REQUIRED ACTION: After locating the line that holds "Bean and chocolate", copy that line and all that follow it word for word through the end of the data, with no pictures.

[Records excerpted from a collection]
■ ■ ■ ■ ■ ■ ■

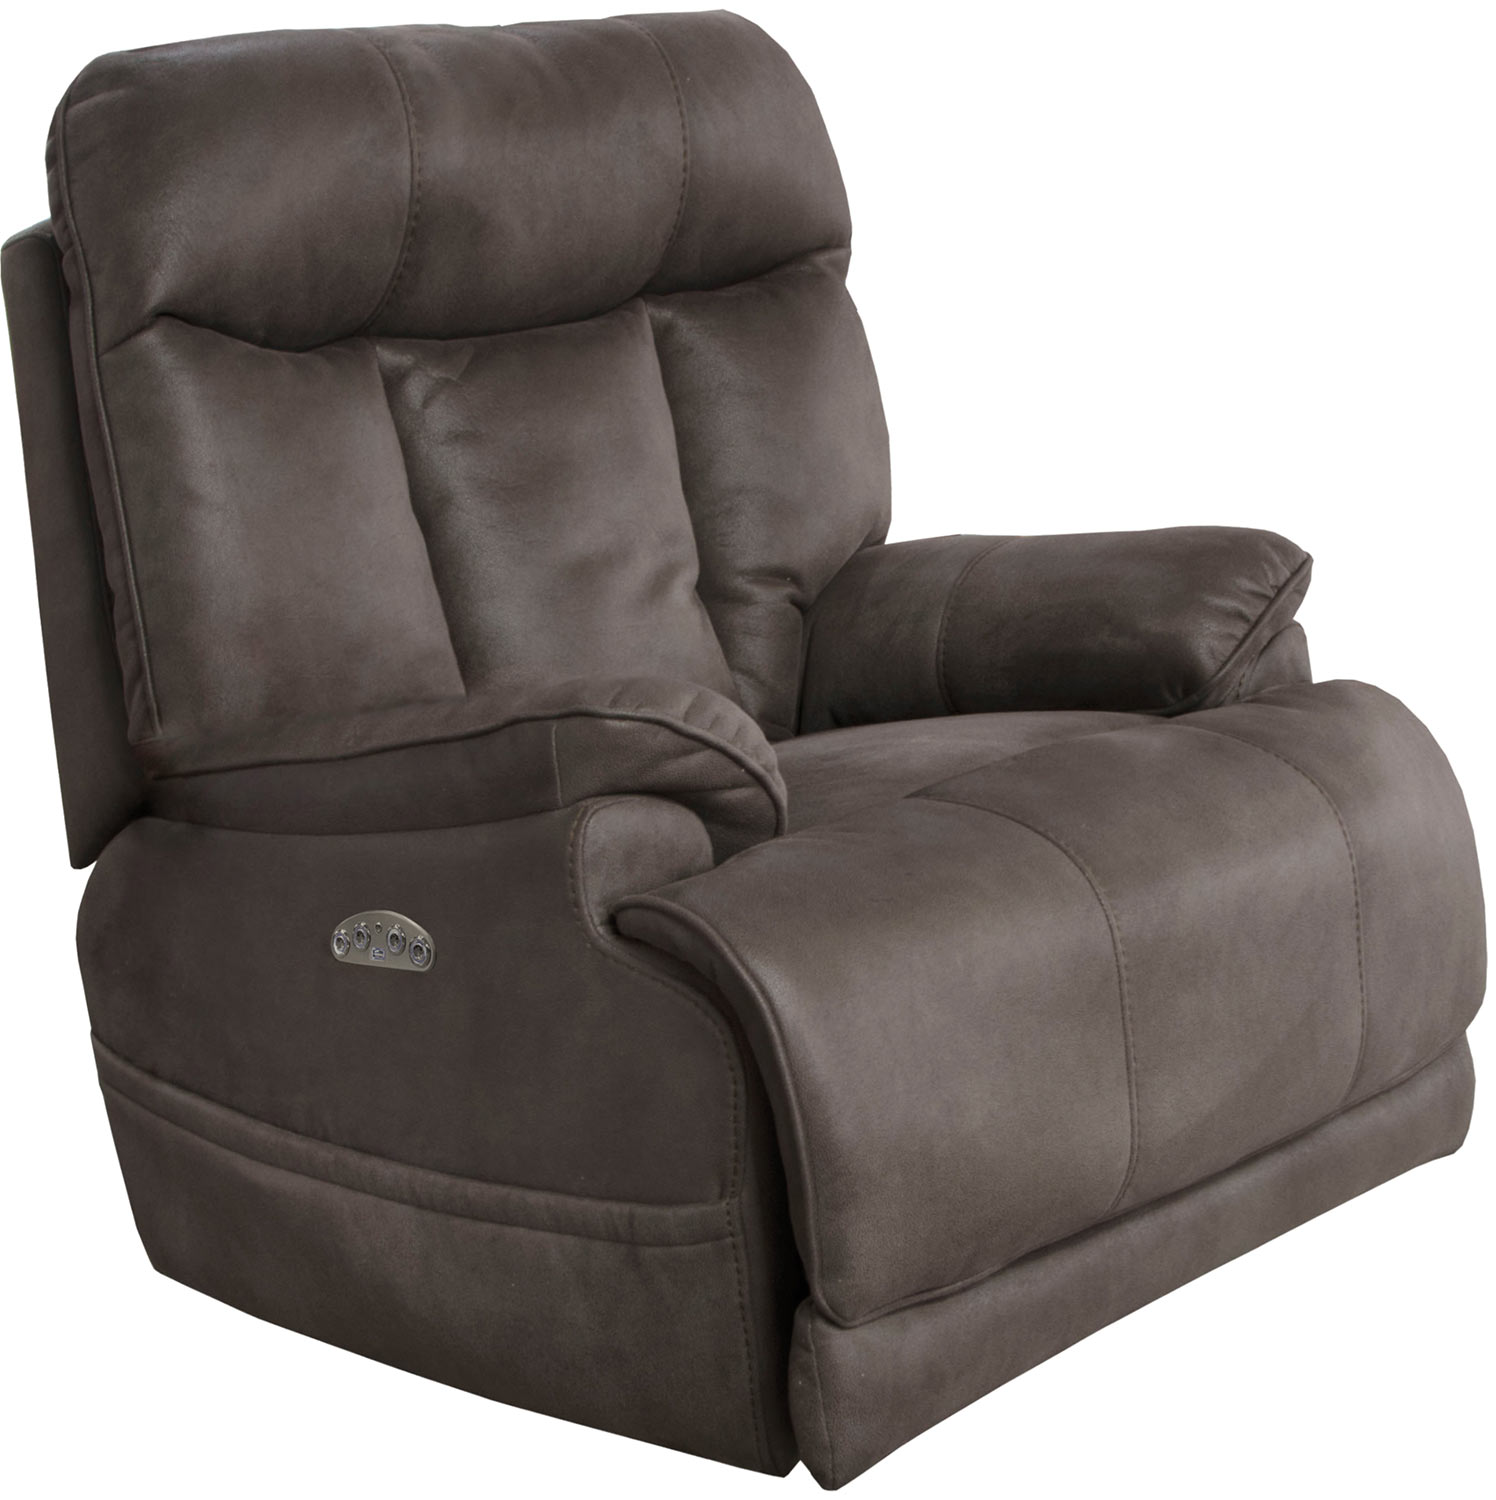 CatNapper Amos Power Recliner Chair - Charcoal
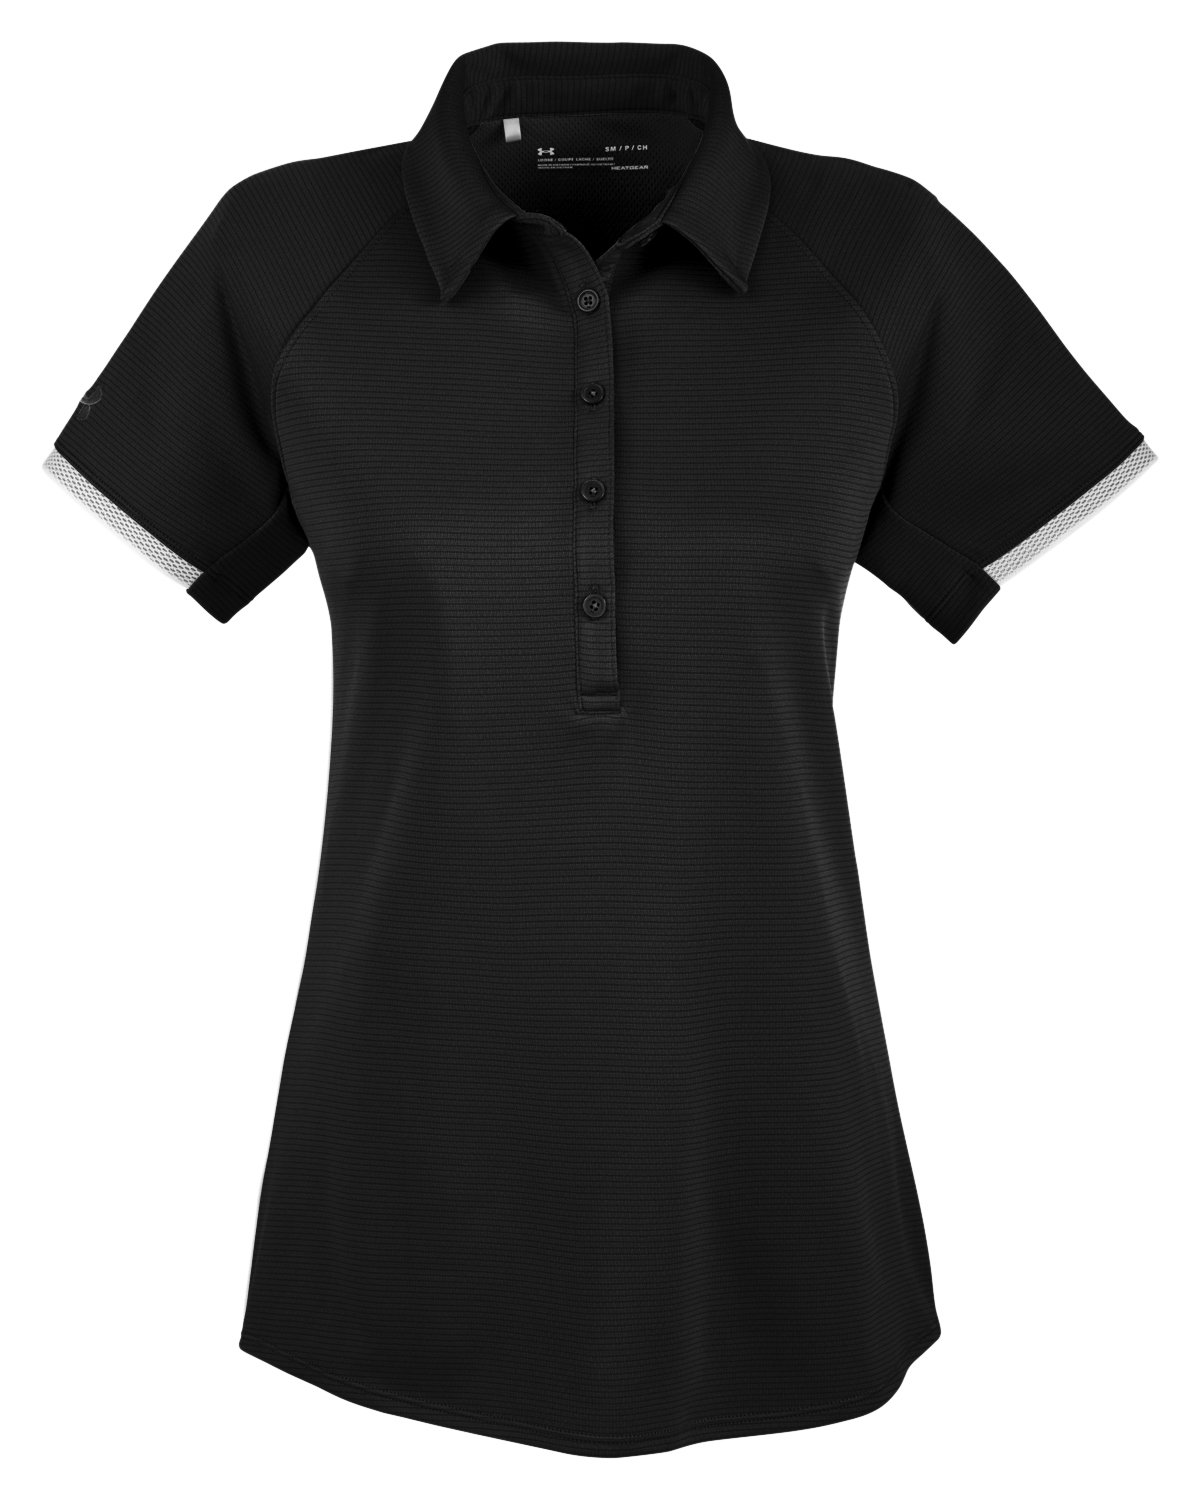 Under Armour 1343675 - Ladies' Corporate Rival Polo
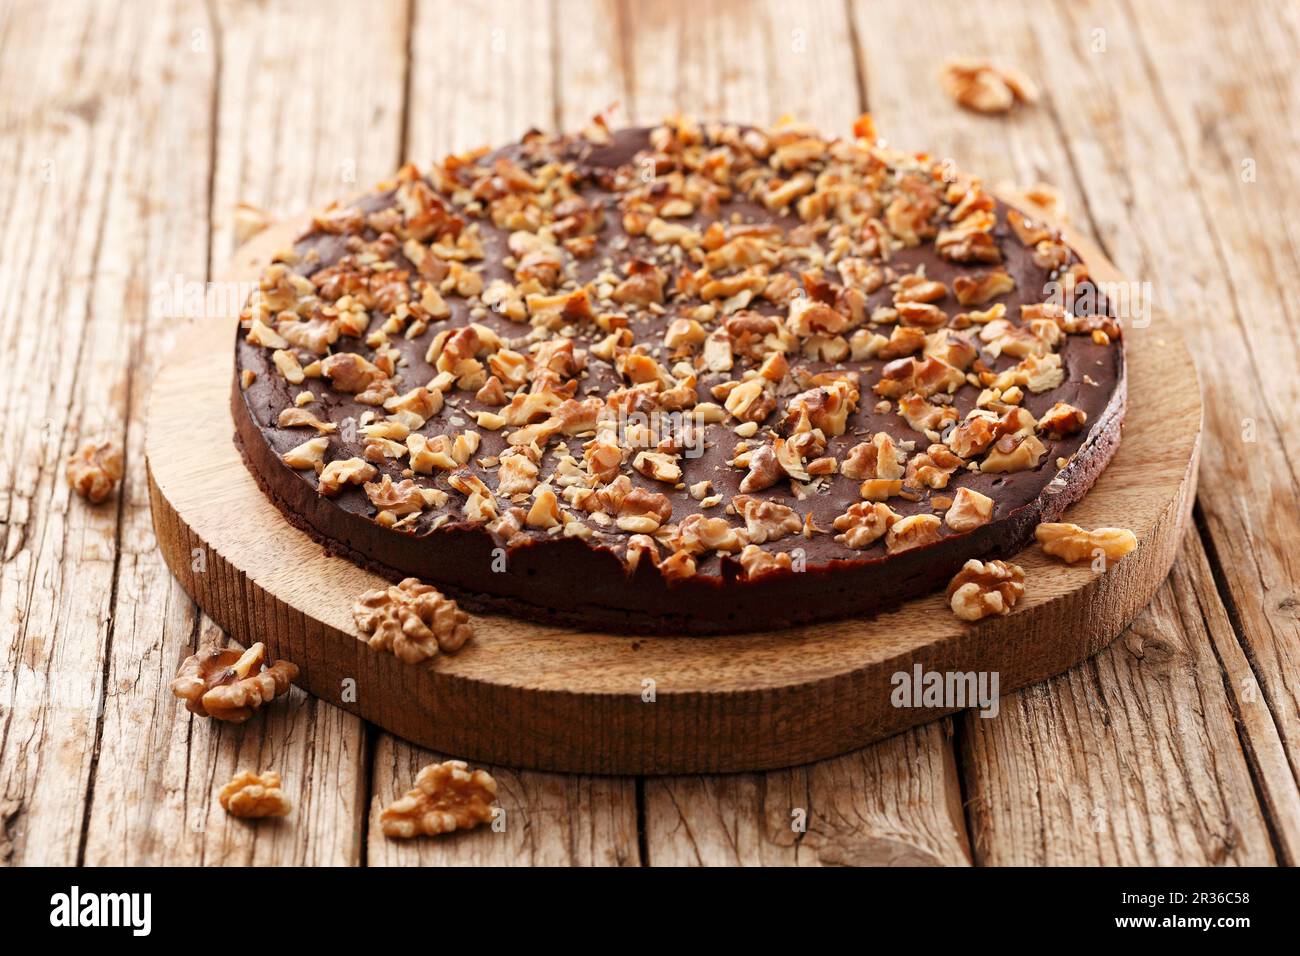 Bean and chocolate cake with walnuts Stock Photo
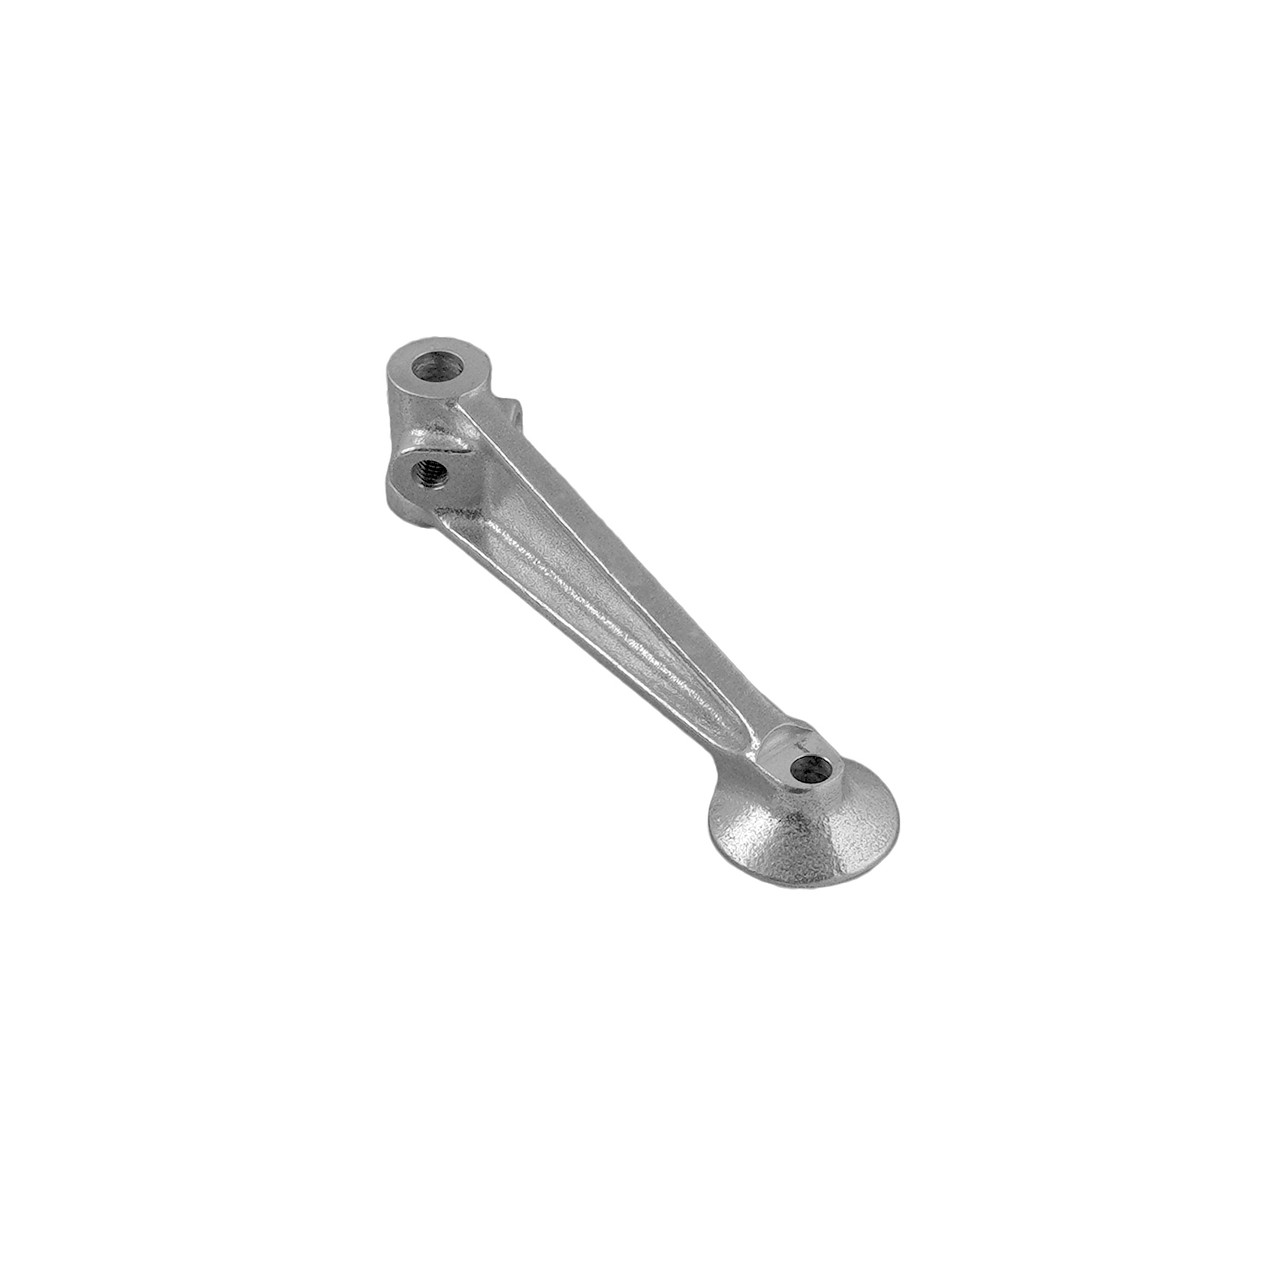 Knock Out Arm (Metal) For Hollymatic Patty Maker HOL061   2061
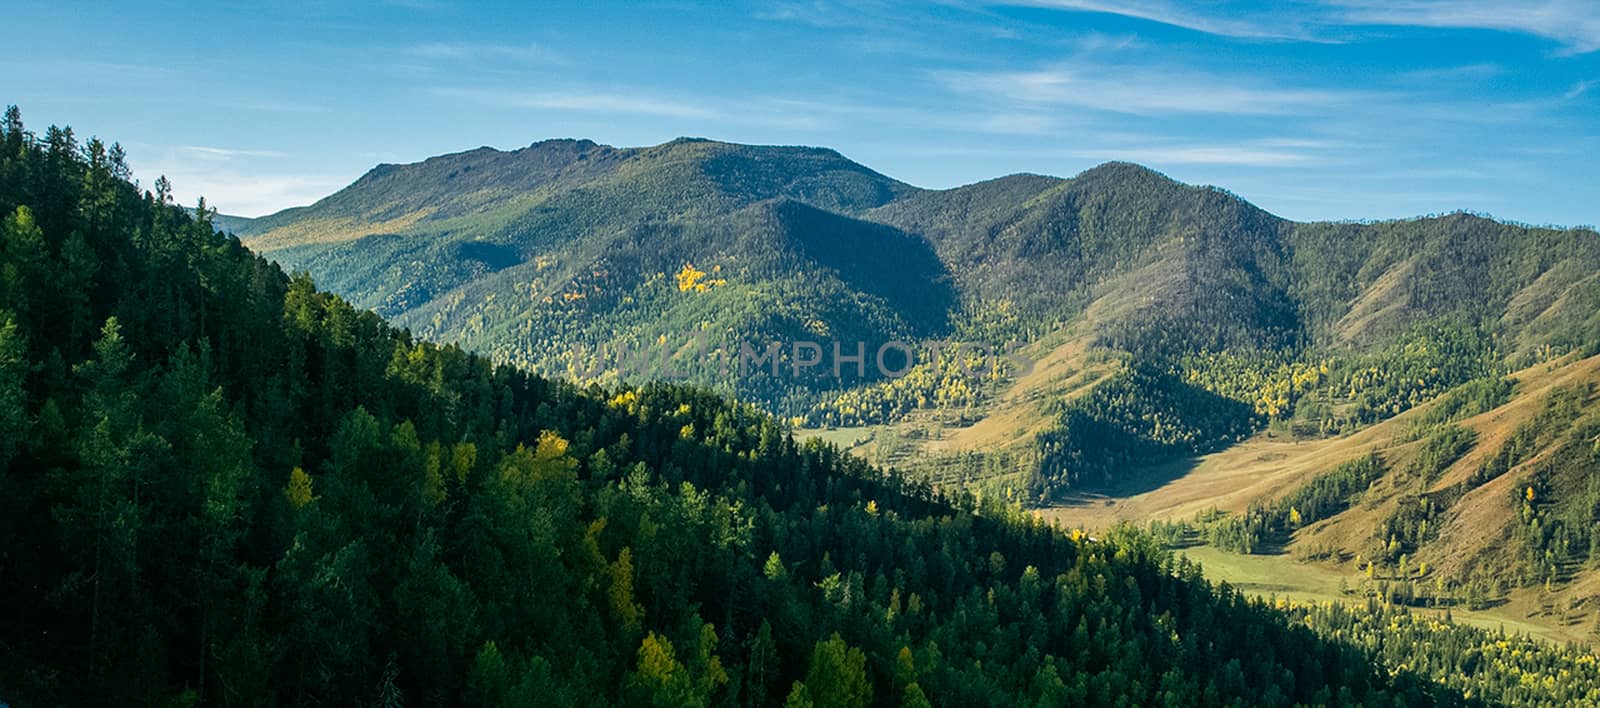 Mountains and hills altai in autumn, panoramic photo. by DePo

■ ■ ■ ■ ■ ■ ■

FINAL ANSWER:
 Bean and chocolate cake with walnuts Stock Photo
 Knock Out Arm (Metal) For Hollymatic Patty Maker HOL061   2061
 Mountains and hills altai in autumn, panoramic photo. by DePo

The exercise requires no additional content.